As Conservatives Reel ...

Fewer are in denial about the extent of the Bush-Rove-Cheney implosion. The Washington Times:

His biggest black mark, in our view, is that domestic spending exploded, with his acquiescence, encouragement, or fecklessness, and Mr. Bush presided over the largest increase in federal spending since LBJ's Great Society. This included the Medicare prescription-drug entitlement program enacted in 2003 that added more than $17 trillion to federal liabilities over the "infinite horizon" - an amount greater than the entire annual output of the U.S. economy. ... In the end, the Bush presidency was something of a mixed bag: massive increases in the power of the federal Leviathan was the dark side. But President Bush's most important legacy is the fact that he kept Americans safe after September 11.

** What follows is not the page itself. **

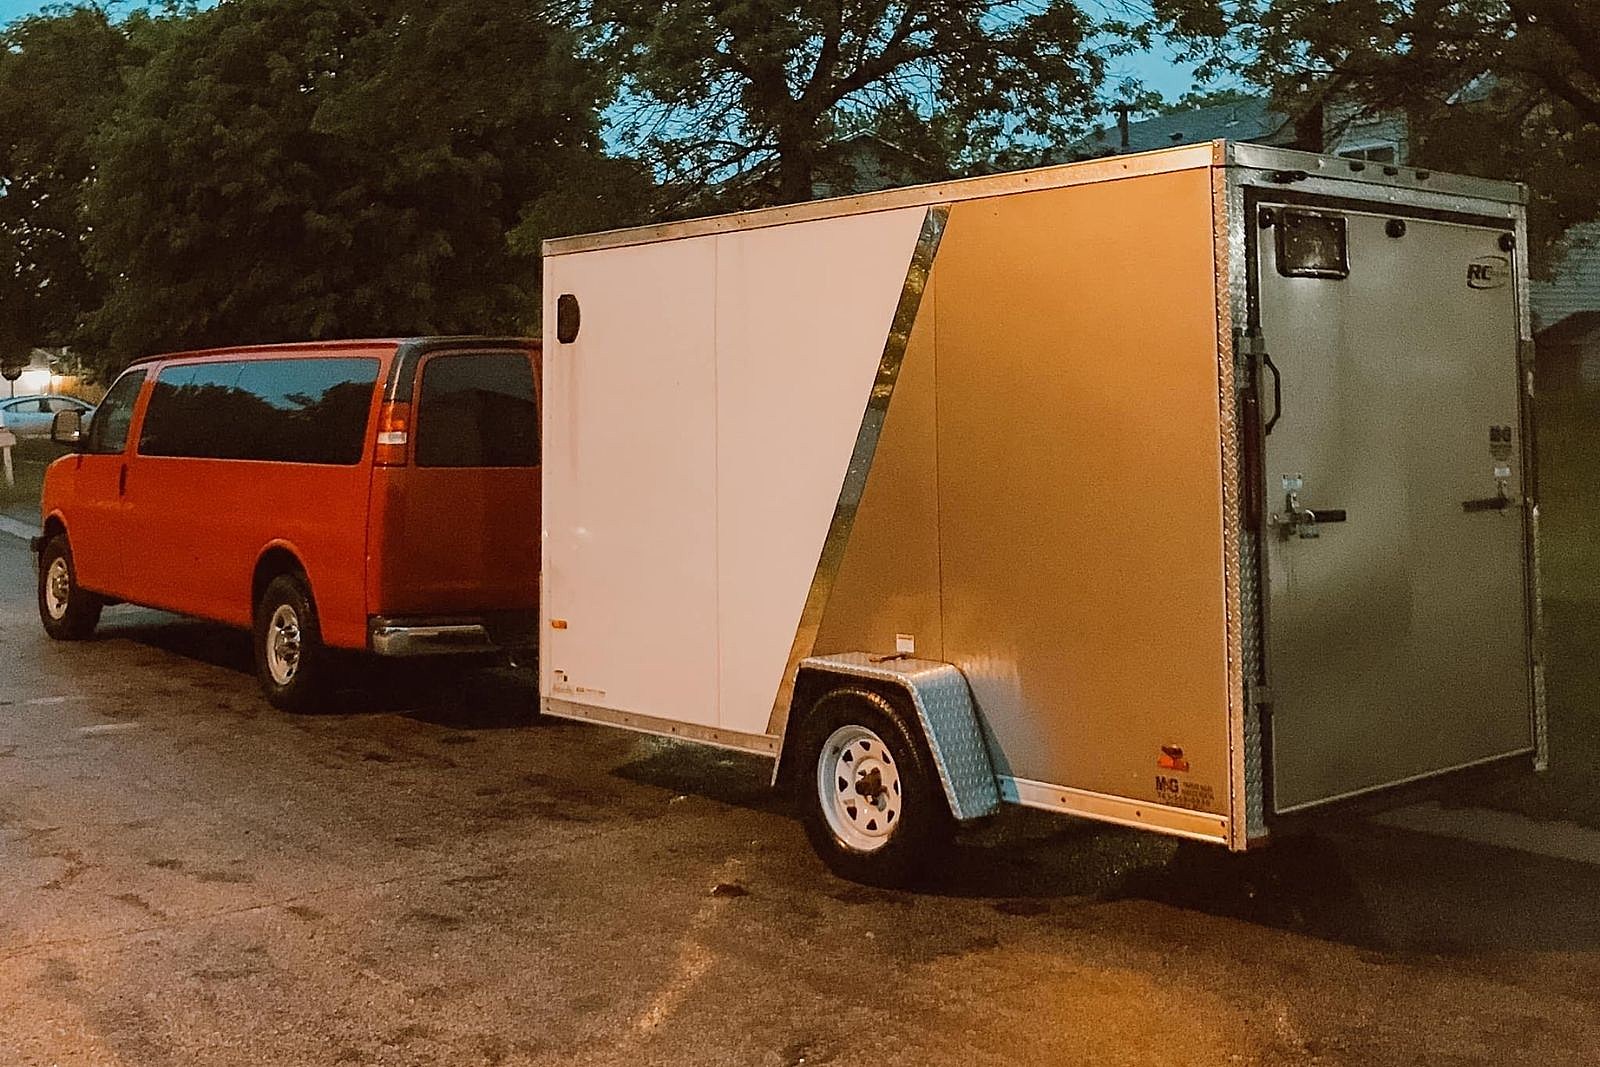 MN Band Asks for Help After Trailer, Gear Stolen in Brooklyn Park

The latter talking point remains as hard to gage as any. We simply do not know yet, from the vantage of history, whether Bush's record in preventing another 9/11 style attack was luck or design or some mix of the two. We don't talk of how Clinton "kept us safe" after the 1993 WTC attack - at least, I fail to remember that as a GOP talking point in 2000 - because from the vantage point of 2001, it didn't look so great.

I have a sinking feeling that we surrendered enormous amounts of freedom and the heart of the Constitution ... for the usual meager portions of pseudo-security. But the point is: I don't actually know. No one does, except those whose direct interest it is to defend their own record.